I attended the SAE Automated Transportation Symposium in Phoenix AZ. The focus of the symposium was primarily on safety of Autonomous Driving, upcoming regulations, and how to comply, test, audit and benchmark safety of these systems.
Simulation was discussed as a necessary tool, but the challenge is how to certify the simulation models themselves. Insurance moves from driver based to product liability based, which opens the possibility (and costs) of huge awards.
There were speakers from GM, Waymo, Nuro, Aurora, Tier IV and Zoox from the ADAS and robotaxi/truck OEMs/Operators. Aurora brought a demo truck and Waymo sponsored robotaxi rides.
Phoenix has been an early supporter of these technologies, thanks to the vision of the city council back in 2015. Aurora talked about reducing the 500,000 a year truck accidents and how safety is a priority. Their operators want hub-hub long distance operation due to a shortage of long-haul drivers. Aurora is expanding operations from Texas to Arizona and later to the entire US southern states in 2026. Over 3.8M miles have been logged in Texas with zero attributed collisions. Operators also get 10-13% better fuel efficiency due to less stops/idling and smoother driving.
A panel discussed the upcoming UNECE regulations that are targeted for adoption in June 2026. Regulating the entire automated driving task is an order of magnitude more complex than the functions that previous regulations have covered. A lot more testing is required for complex scenarios, and this will include virtual testing which has to match real-world scenarios. Automated driving requirements lead to safety cases and a safety management system for a specific product with documentation of goals, arguments and evidence that the system meets the safety cases and the regulations. The ADS requirements also include user integration requirements (for example to prevent misuse by the user), cybersecurity and OTA. A compliance assessment will include an audit of the safety management system and assessment of the test cases.
Fortellix discussed simulators and the fact that a methodology is required to assess the simulator. High fidelity sensor simulation is key. No accepted standard or metrics exists today to correlate sim to real-world gaps. ISO34506 is working on a standard. SAE J3279 has best practices for simulation.
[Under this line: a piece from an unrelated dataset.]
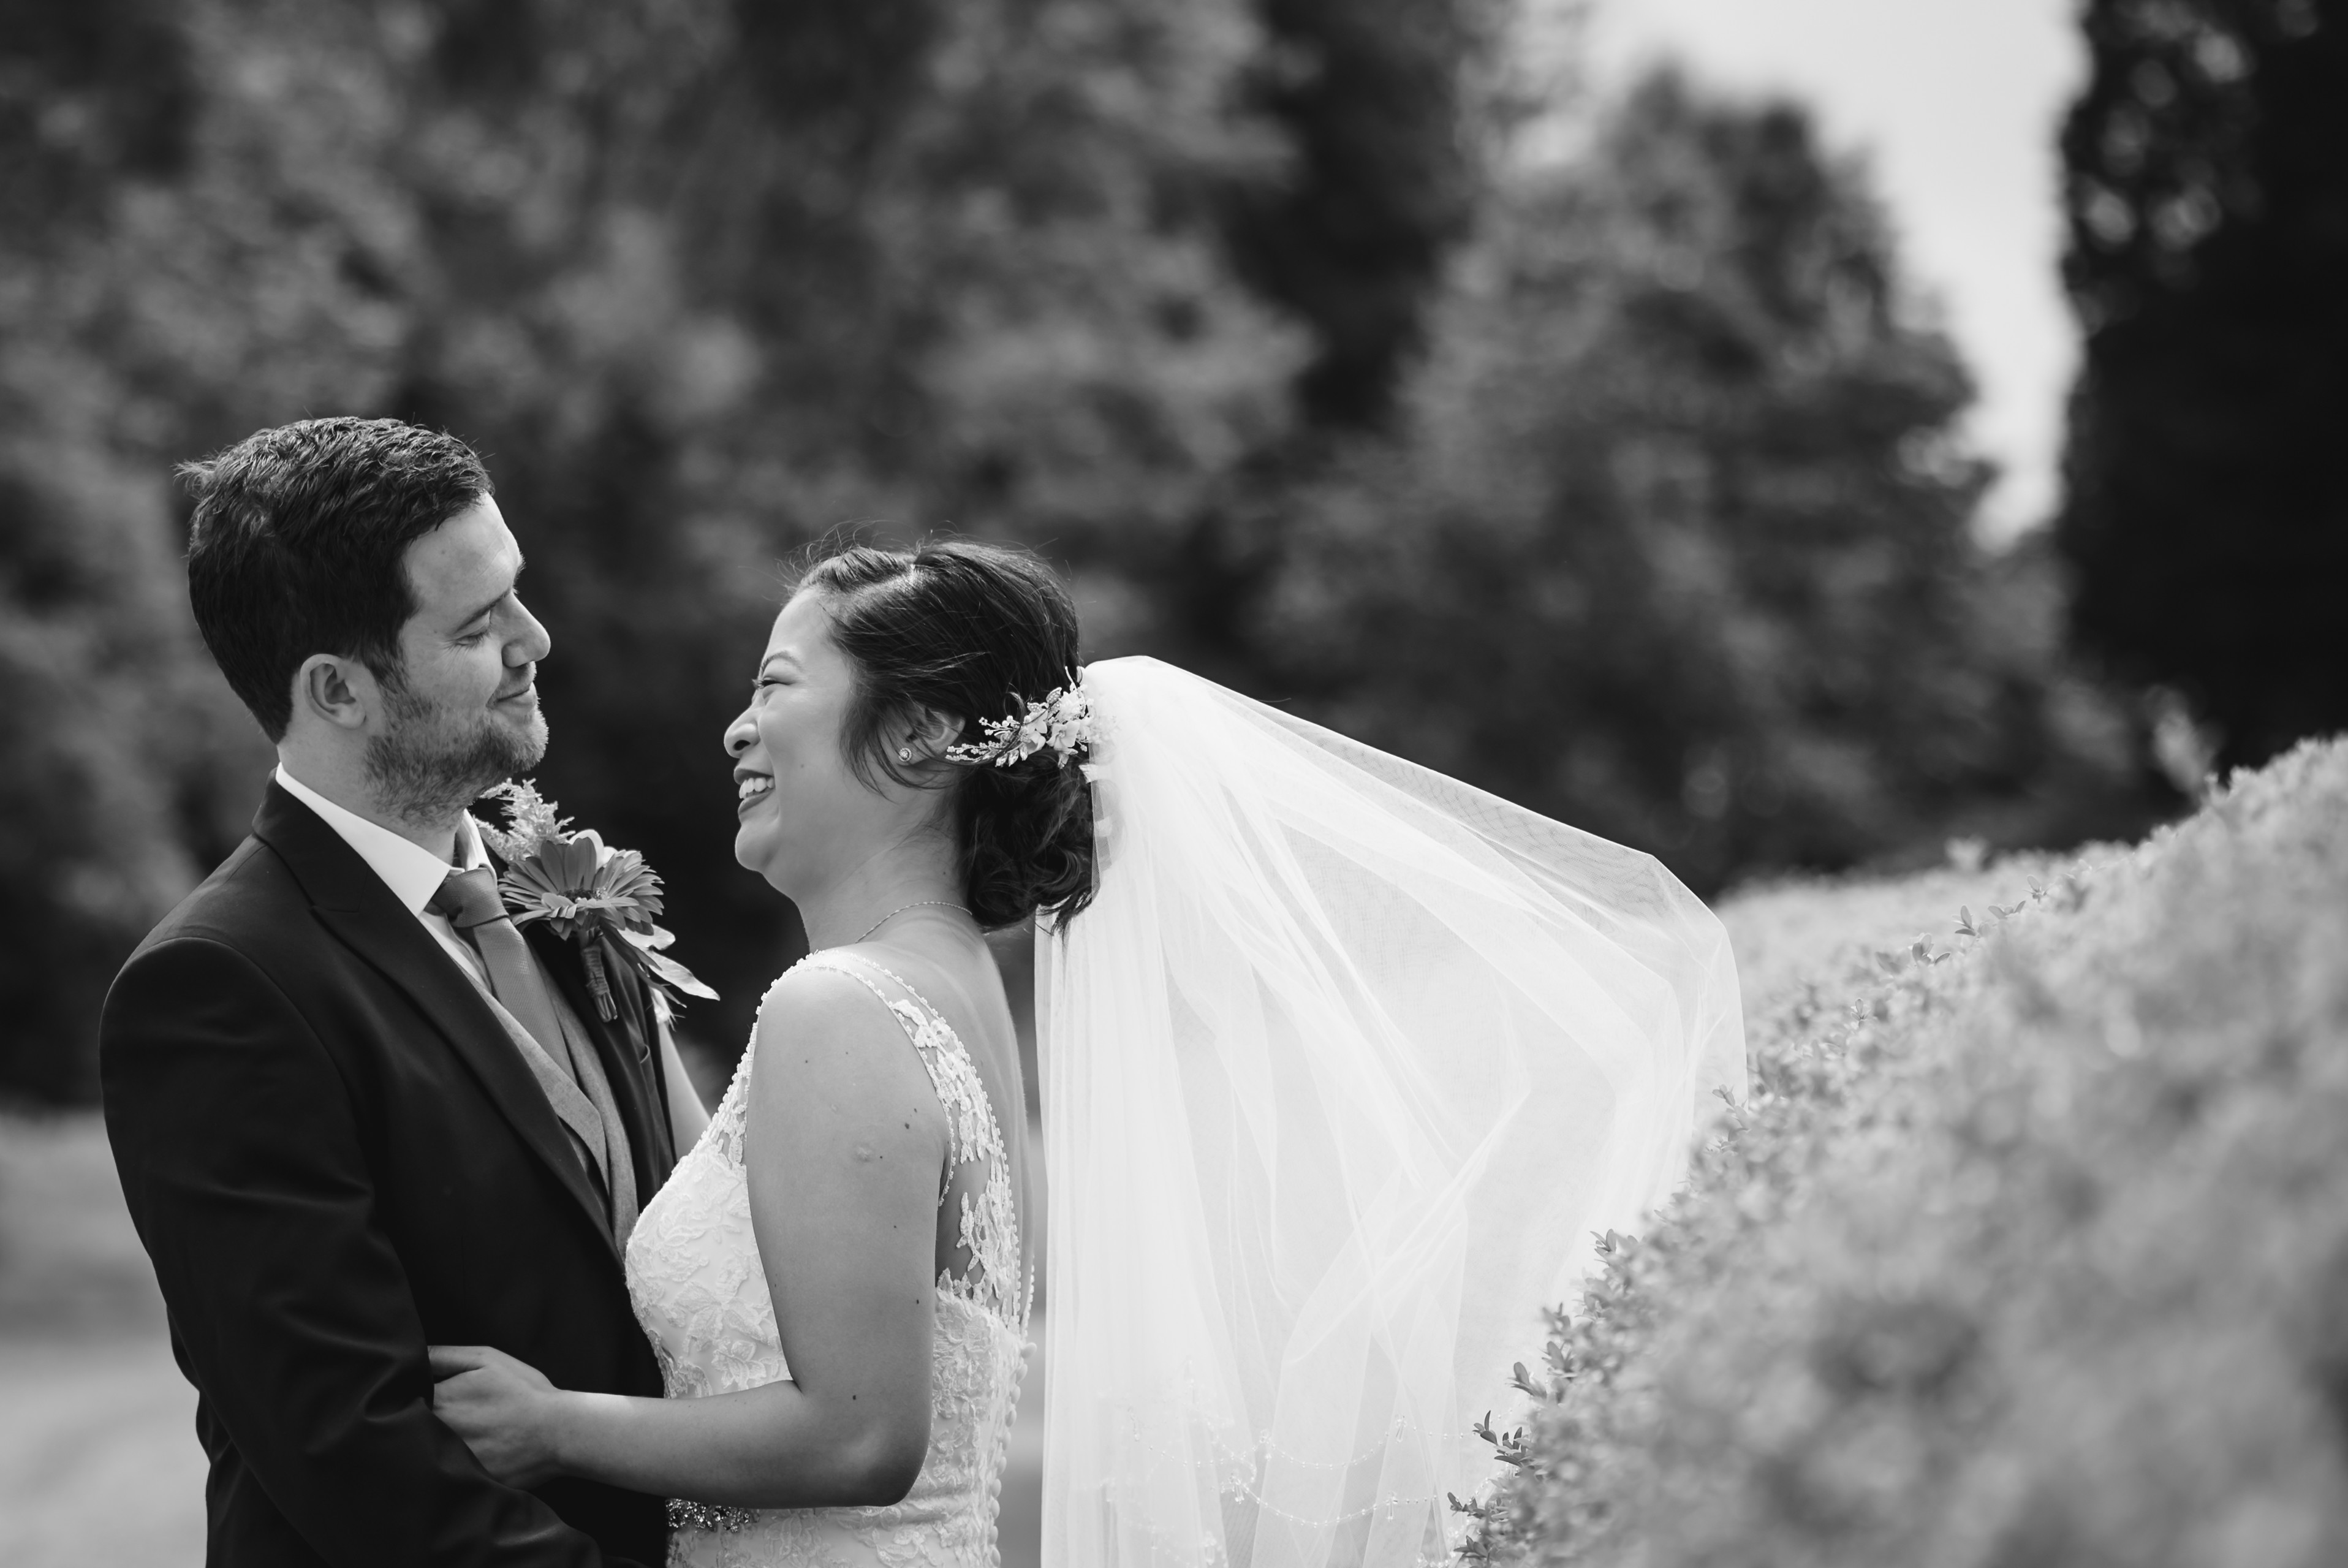 Robert Matthews and Jacqueline Tsang Wedding - 03/06/2022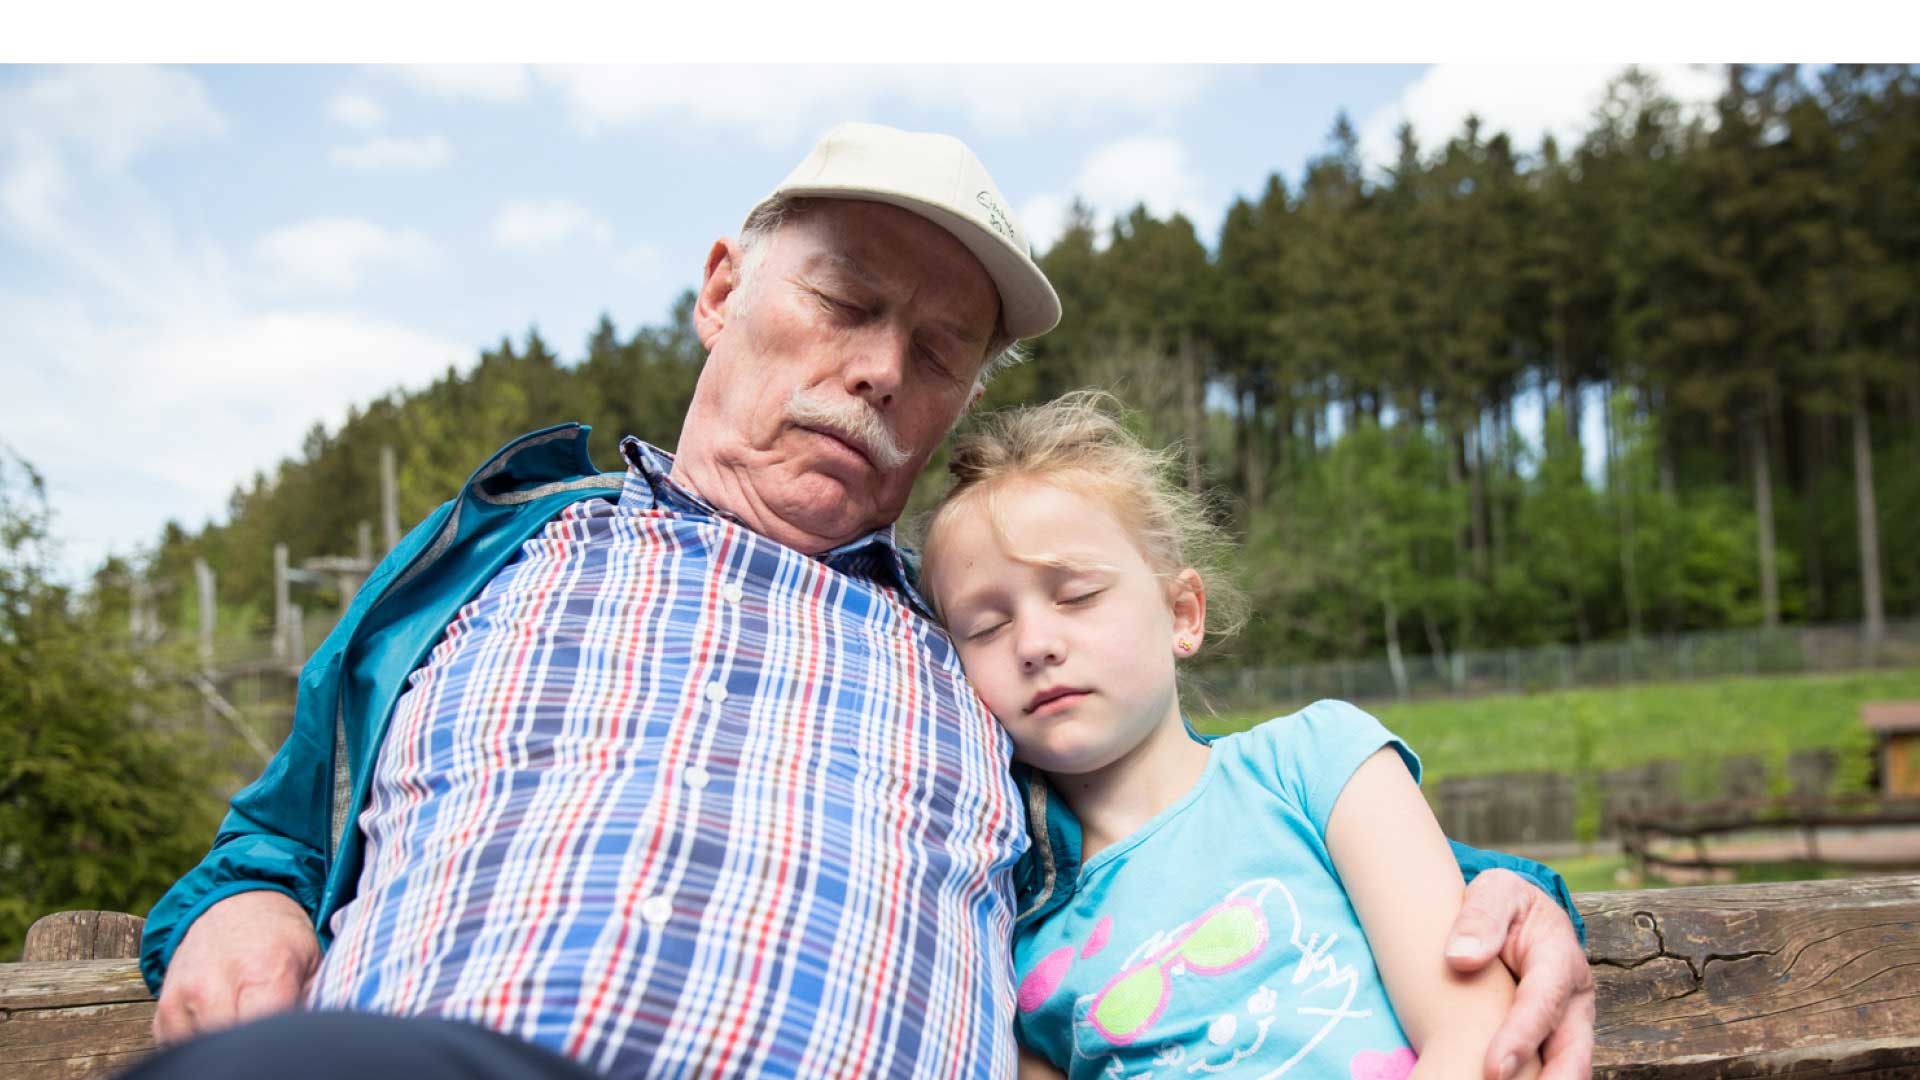 Der Opa macht mit seinem Enkelkind eine ruhige Pause auf der Parkbank im Freizeitpark.

ASAM is launching a standard for quantifying simulation quality and EU Reg 2022/1426 has a credibility assessment framework for virtual testing toolchains.


A panel on remote assistance looked at different approaches to tele-operation. The Waymo Driver will request assistance for specific scenarios that are then handled by human operators. For example, moving past emergency vehicles partially blocking lanes. But the Automated Driving System is ultimately responsible for executing or rejecting the remote assistance suggestions. Training andcertifying remote operators is a key for safe operation along with a target for response times. AV systems should always be in control and safe – even if comms fail, for example, Nuro driver will pull over and wait in that case. Autoware has an open source model for remote assistance that has been deployed by multiple users.
Waymo reported that it is the first AV developer to complete third-party audits (by TUV SUD) for its safety case program and remote assistance operations.
An insurance panel discussed how insurers can control risk. Human drivers are insured based on past performance, however for AVs, there is not much accident data to use when writing policies. With no driver, an AV accident becomes a product liability case, with the potential for large jury awards in the US legal system. Pricing polices is a major challenge.
Benchmarking AV accident rates against human drivers is also not as simple as it seems. How do we define “good driving” ? Talking about overall accident rates is not sufficient, we need to look at specific types of accidents (and ODDs) and compare. Failure modes for AVs are different from human drivers. Perception blind spots, gaps in training data, calibration drift. What constitutes sufficient coverage ? Surrogates for accidents such as hard braking, swerving and near crashes can be used, but we need to be careful of how that correlates to actual accidents. Accident reporting also needs to be more granular for L4 vehicles. Over 80% of indicents for human drivers are not “police reportable” but have to be reported for AVs. A minor collision with a curb is very different from hitting a pedestrian. Waymo has driven over 96M miles and has 91% fewer serious injuries and 79% fewer airbag deployments than human drivers. Having passengers wear (rear) seatbelts alone can reduce the risk of serious injuries by 90%.

The Doordash DOT is operational in Phoenix for restaurant deliveries. Restaurant owners benefit because the bot reduces traffic congestion in the neighborhood, and the cool factor increases deliveries. Dashers are still better in certain domains. The bot uses lidars, radar, multiple cameras, plus microphone and ultrasound. It is Nvidia hardware based and uses internally developed software.